John Lee Hooker - Delta Blues to Blues Legend
John Lee Hooker's music was at once elemental and complex.
He could hold your attention fast with a boogie rhythm repeated over a
single chord. His guitar work was hypnotic to hear and mesmerizing to
see. Watching his fingers work, one could see his thumb pound out the
bass notes while his rubbery index finger tickled out the higher notes.
He played Africa with his guitar and sang America with his voice.
At age 14, John Lee headed north to escape the crush of the Great Depression and the omnipresence of the religious, who had decreed that blues music was the devil's music. He stopped off in Memphis where he worked at an African-American movie house as an usher. Then, he moved up to Cincinnati, Ohio, where he worked for a cesspool company while staying with relatives. All the while, he continued playing with blues musicians and singing from time to time with gospel groups.
In 1940, the war in Europe was beginning to alleviate the
harsh conditions of the American economy. In particular, Detroit, Michigan,
began to boom as the United States entered the war, producing tanks and
other military vehicles on the automobile lines. With such prosperity,
the black community was able to work the factories, earn money, and spend
it in bars and house-rent parties. John Lee Hooker was able to play the
blues music that he had learned from his stepfather and build a substantial
following among the workers who originated in the rural South.
He enjoyed a good deal of success with songs like "Crawlin'
King Snake" and "I'm in the Mood" climbing high on Billboard's
charts. From the late 1940s until the mid-1950s, solo blues singer/guitarists
had a steady audience, but once the popularity waned, John Lee Hooker
began playing with full bands and eased into the world of modern blues
musicians, like Elmore James and T-Bone Walker. He hooked up with Chicago's
Vee-Jay records, for which he eventually recorded his most recognized
song, 1962's "Boom Boom". The Animals recorded their own version
of the song, and introduced John Lee Hooker to England, where young musicians
seemed to be starving for older, American blues musicians to emulate.

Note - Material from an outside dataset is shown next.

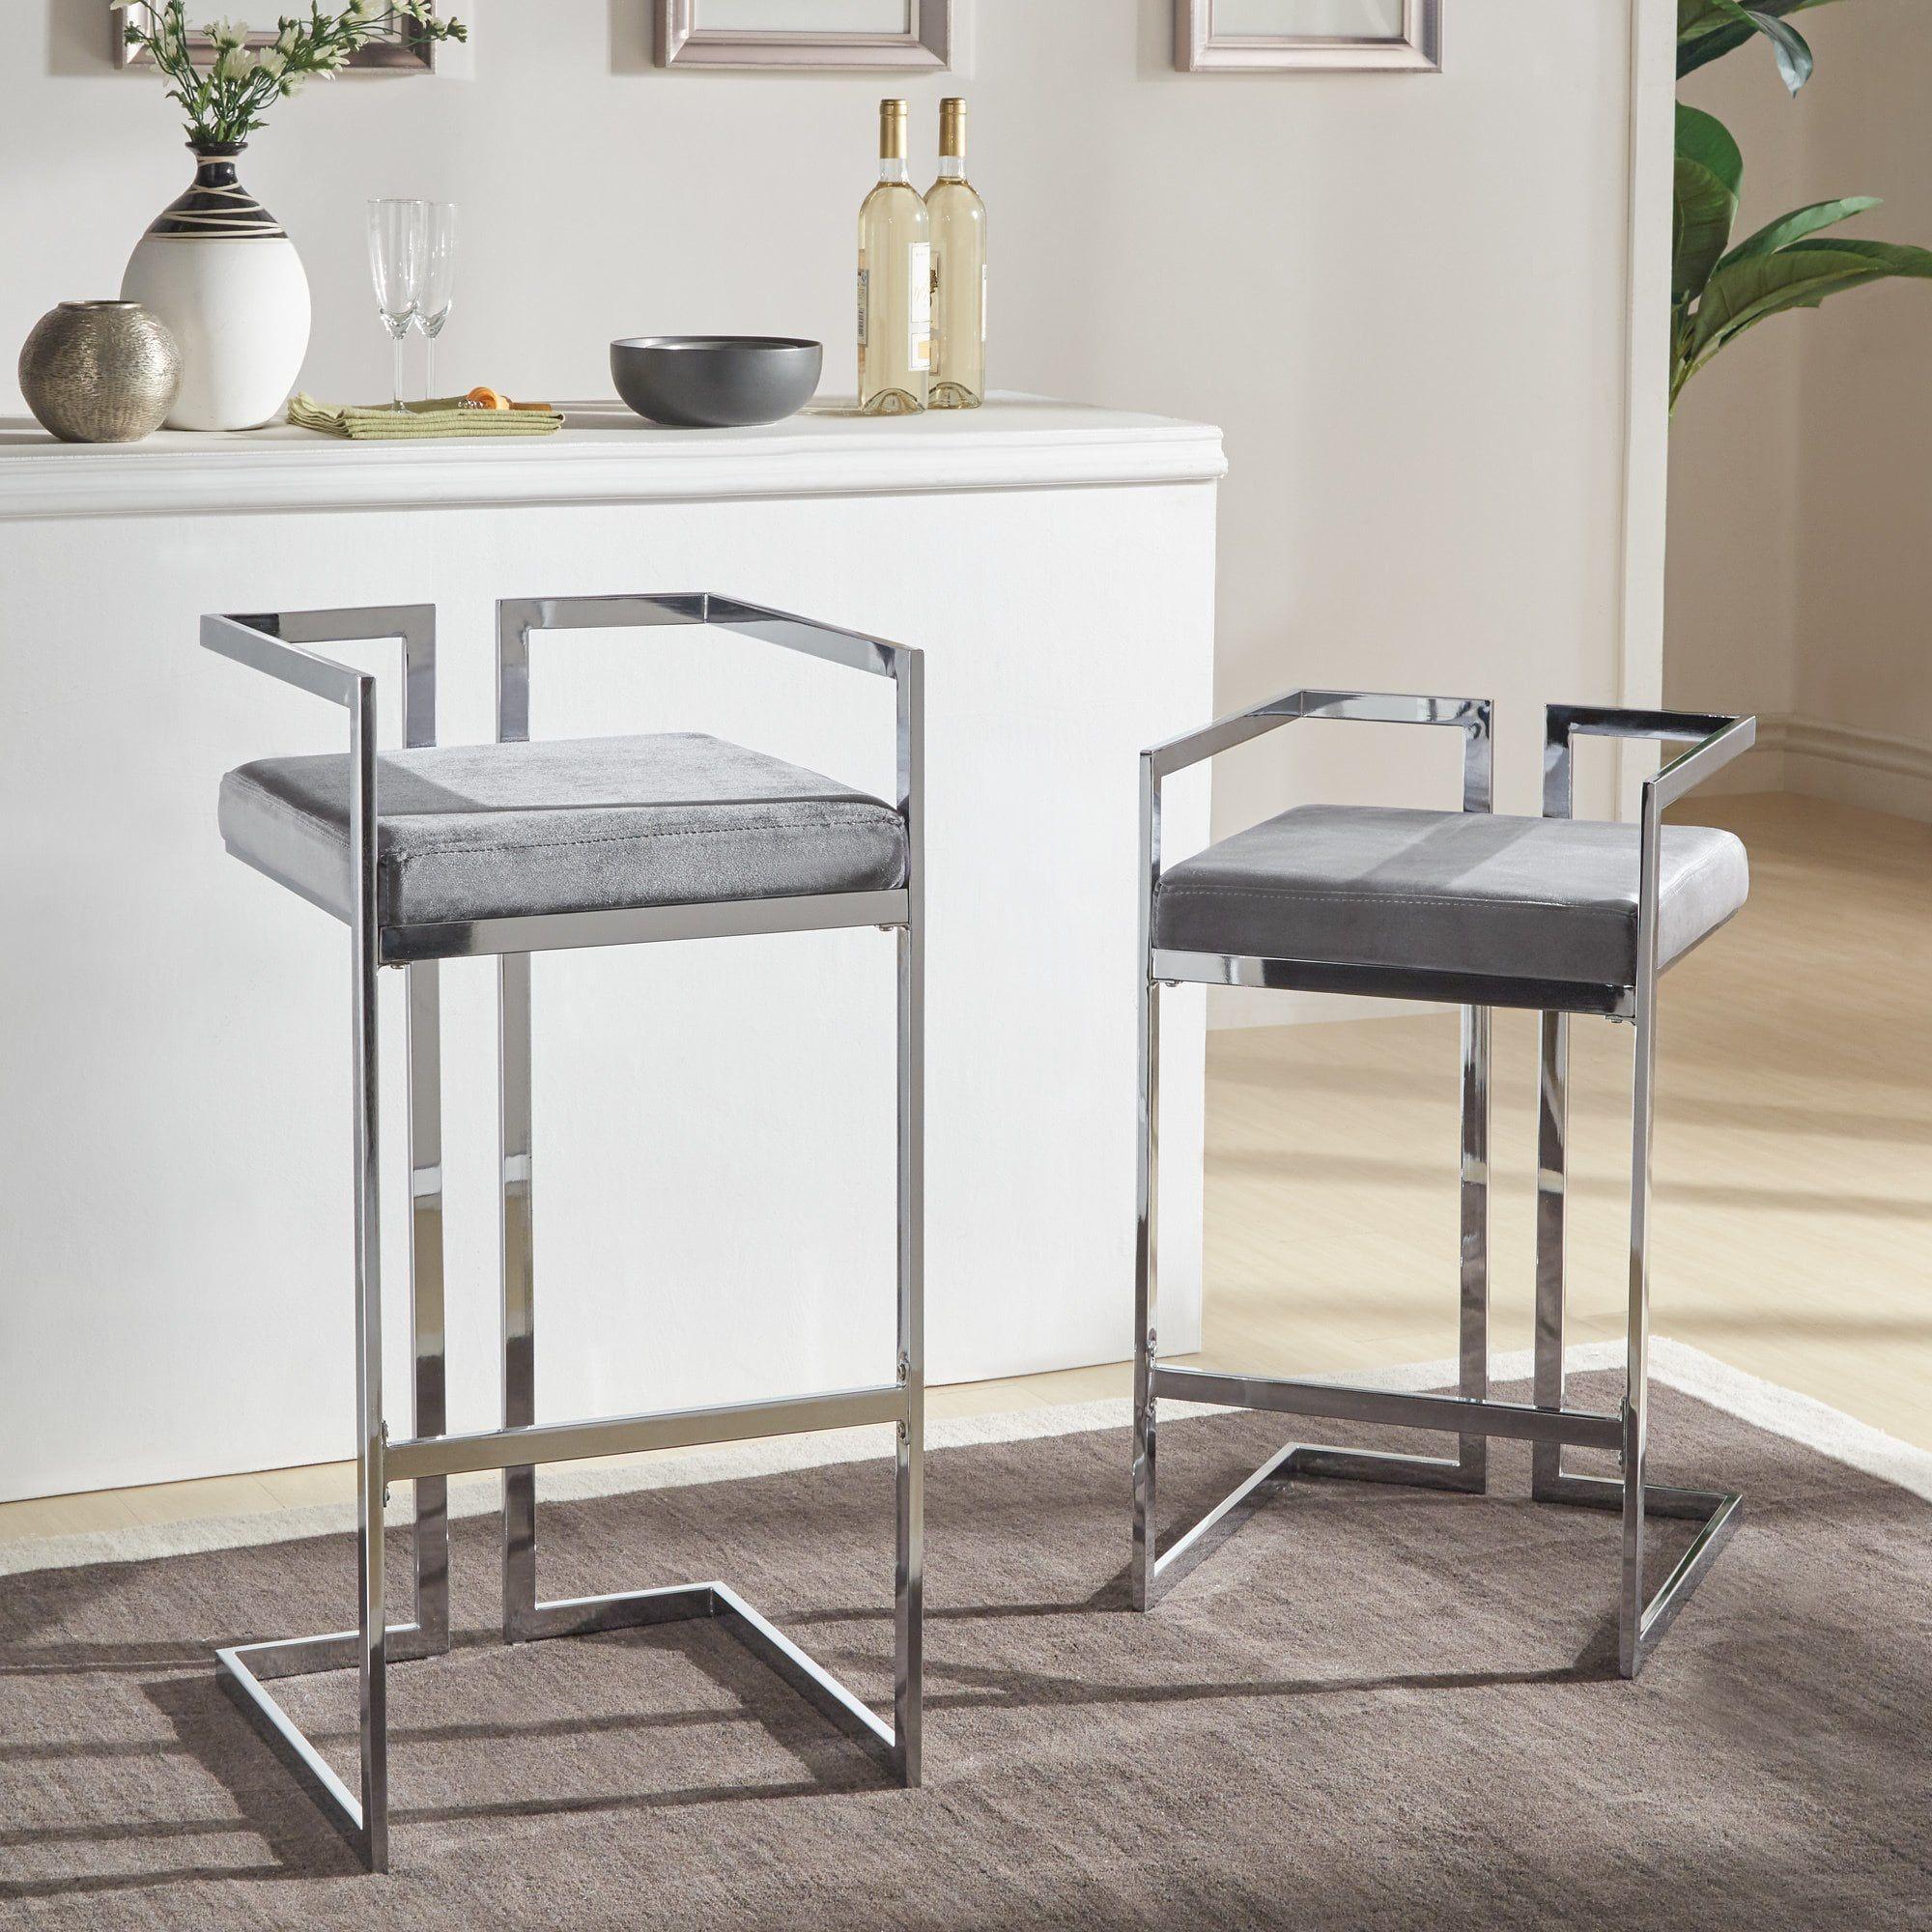 10 Comfort Chrome Cushioned Bar Stool In Room Design Ideas ...

Mr. Hooker, along with Howlin' Wolf, Muddy Waters, T-Bone Walker, Elmore
James, BB King, Little Richard and Chuck Berry, became a major influence
on English rockers like Eric Clapton, Jimmy Page, Keith Richards and Mick
Jagger, and Van Morrison.
The 1980s provided another blues revival in which the styles and influences of the older generation were infused with rock overtones. Blues Musicians like Taj Mahal and Buddy Guy, who first broke out during the 1960s revival, now enjoyed the '80s revival. But by this time, John Lee Hooker was one of only a handful of the blues men, whose careers were rejuvenated in the '60s, who was still alive to enjoy another revival. In 1989, John Lee hooked up with several of the musicians he had influenced, like Carlos Santana and Bonnie Raitt, to record the album "The Healer", for which he received a Grammy. Throughout the 1990s, Mr. Hooker has made appearances in other performers' concerts and albums. For instance, he made an appearance with Eric Clapton at the end of the Rolling Stone's "Steel Wheels" tour. He also played a duet with BB King on King's 1993 album "Blues Summit". In 1991, he was inducted into the Rock and Roll Hall of Fame.
Over the past seventy years, John Lee Hooker was immersed
in the tradition, mysticism, inventiveness, and communication of blues
music. He was one of the great ones who should be remembered as an architect
of the blues, folk, country, rock, and even jazz music that has been strummed,
shouted, and blared for the past fifty years. He was one of the great
ones who should be thanked and praised for inspiring all of us to boogie-woogie.